Diagnosis is difficult given the lack of specific findings such as herpetic lesions. Additional challenges come from the lack of rapid diagnostic modalities for HSV. Currently, the major laboratory tests used for diagnosis of HSV are herpes virus serology, liver biopsy, viral culture, antigen detection tests (enzyme immunoassay or immunofluorescence on smears), and nucleic acid detection with polymerase chain reaction. Viral cultures are extremely sensitive and can be used as a screening tool but are very poorly specific and not readily available. Viral PCR testing may be useful but is often not rapidly available. Although not always possible due to coagulopathy, the gold standard for diagnosis is liver biopsy. In addition, laboratory investigations often show leukopenia, thrombocytopenia, and coagulopathy. Renal failure is not uncommon in these patients. Disseminated intravascular coagulopathy is frequently reported, and encephalopathy is a late sign of the disease. Ninety per cent of patients with HSV hepatitis have a characteristic liver profile, known as “anicteric hepatitis”. There may be a marked elevation of AST greater than ALT.

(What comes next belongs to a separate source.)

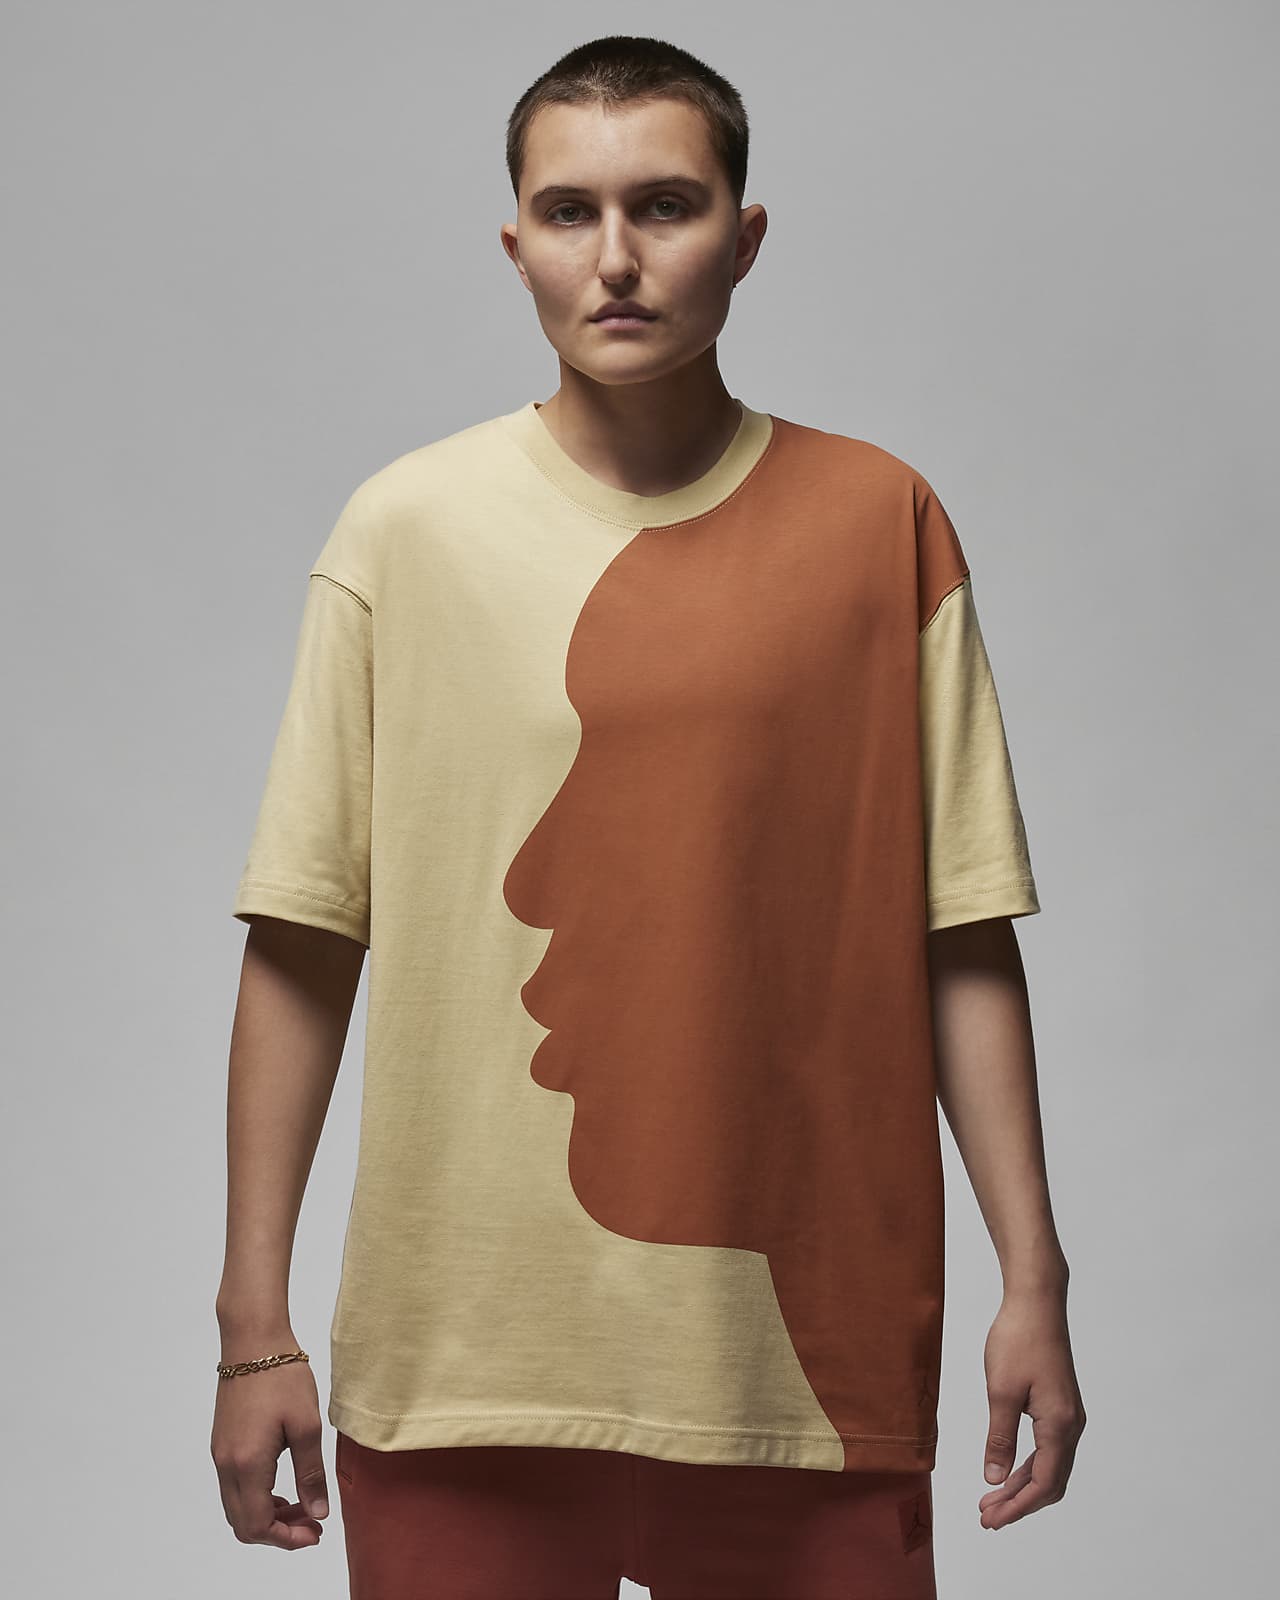 Jordan oversized T-shirt met graphic voor dames
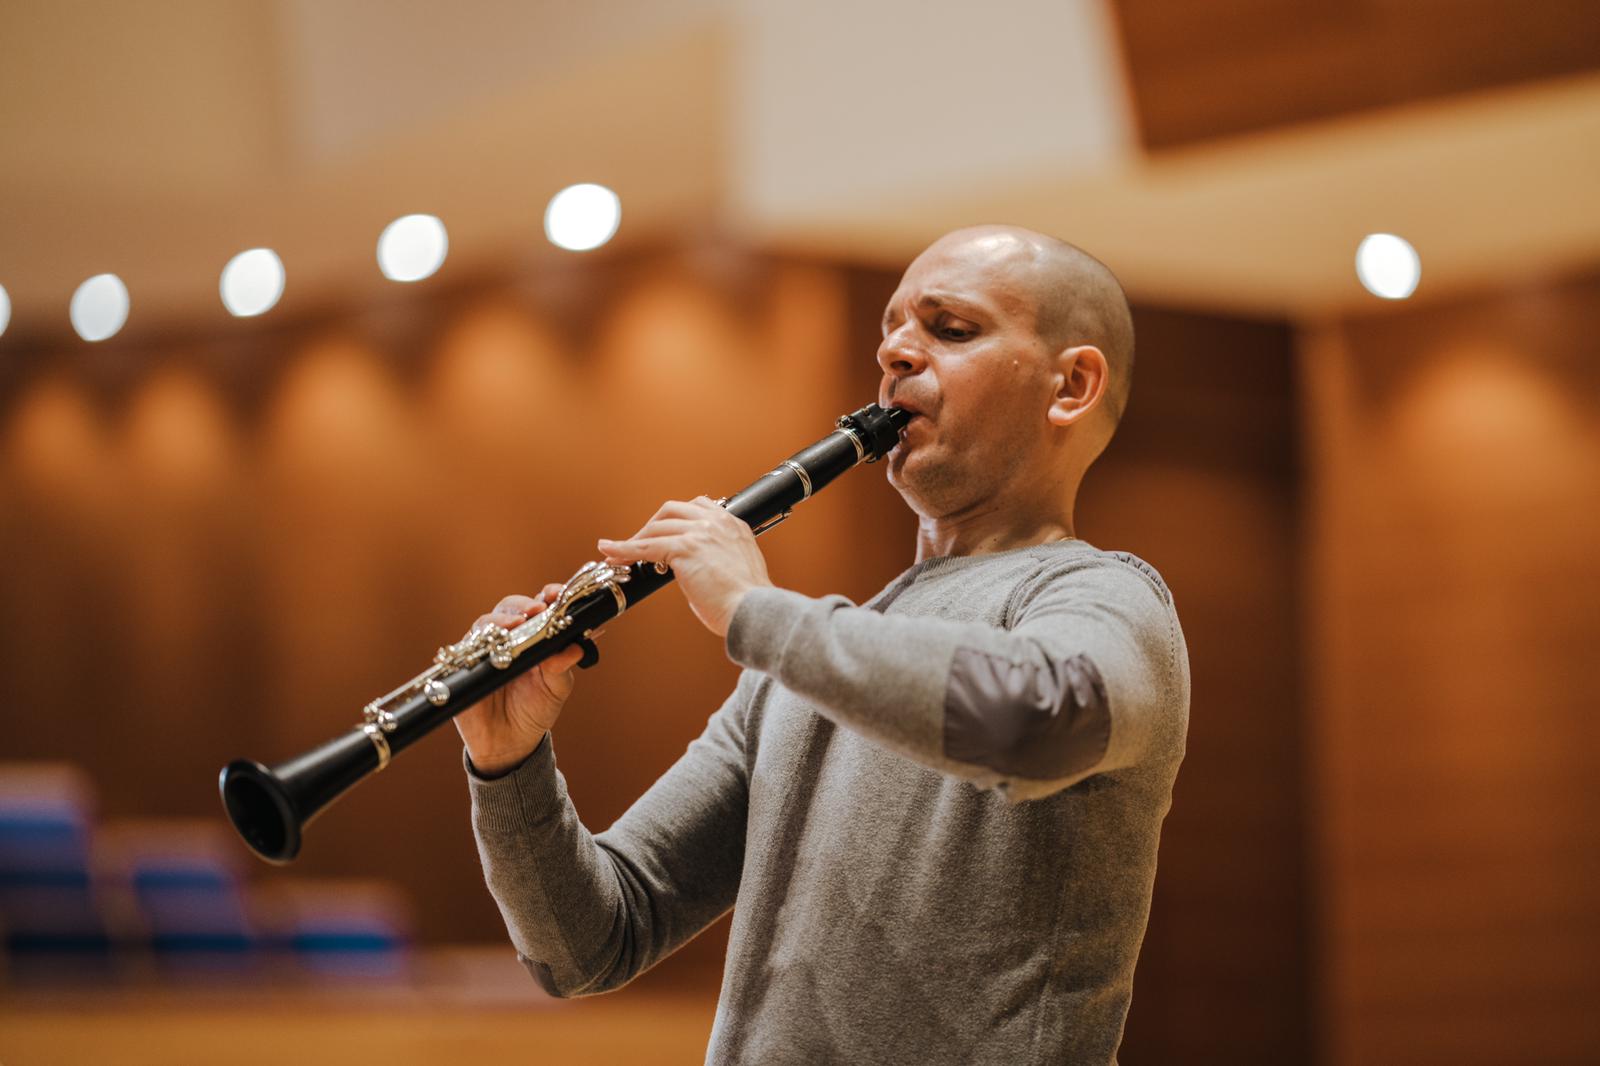 El músico villero, que es uno de los referentes del clarinete en Europa, explora en este trabajo el repertorio francés

Question 5 What is the treatment of herpes hepatitis?
Answer to Q5

A recent analysis of 137 patients suggested that treatment with acyclovir, if instituted early, may reverse disease and avoid the need for liver transplantation. In treated patients, the mean time from overt symptoms to treatment with acyclovir was 4.2±1.8 days. There was a delay in the initiation of treatment (mean 4.7 vs. 3.5 days, p=0.03) in patients who died or required liver transplantation as compared to patients who survived. Acyclovir is classified as a category B drug in pregnancy with no fetal risk demonstrated in animal or human studies. In addition, acyclovir is easy to administer and has few side effects. The question of the safety of acyclovir in pregnancy has been reinforced in multiple studies where the rates of birth defects (2.6%) were not different from the expected rate (3.2%) in the general population. Future studies to evaluate the cost effectiveness of empirical treatment and outcome should be investigated. A 5–7-day course of intravenous acyclovir is currently recommended for most herpes simplex infections, unless HSV encephalitis is diagnosed in which treatment should be extended to 21 days.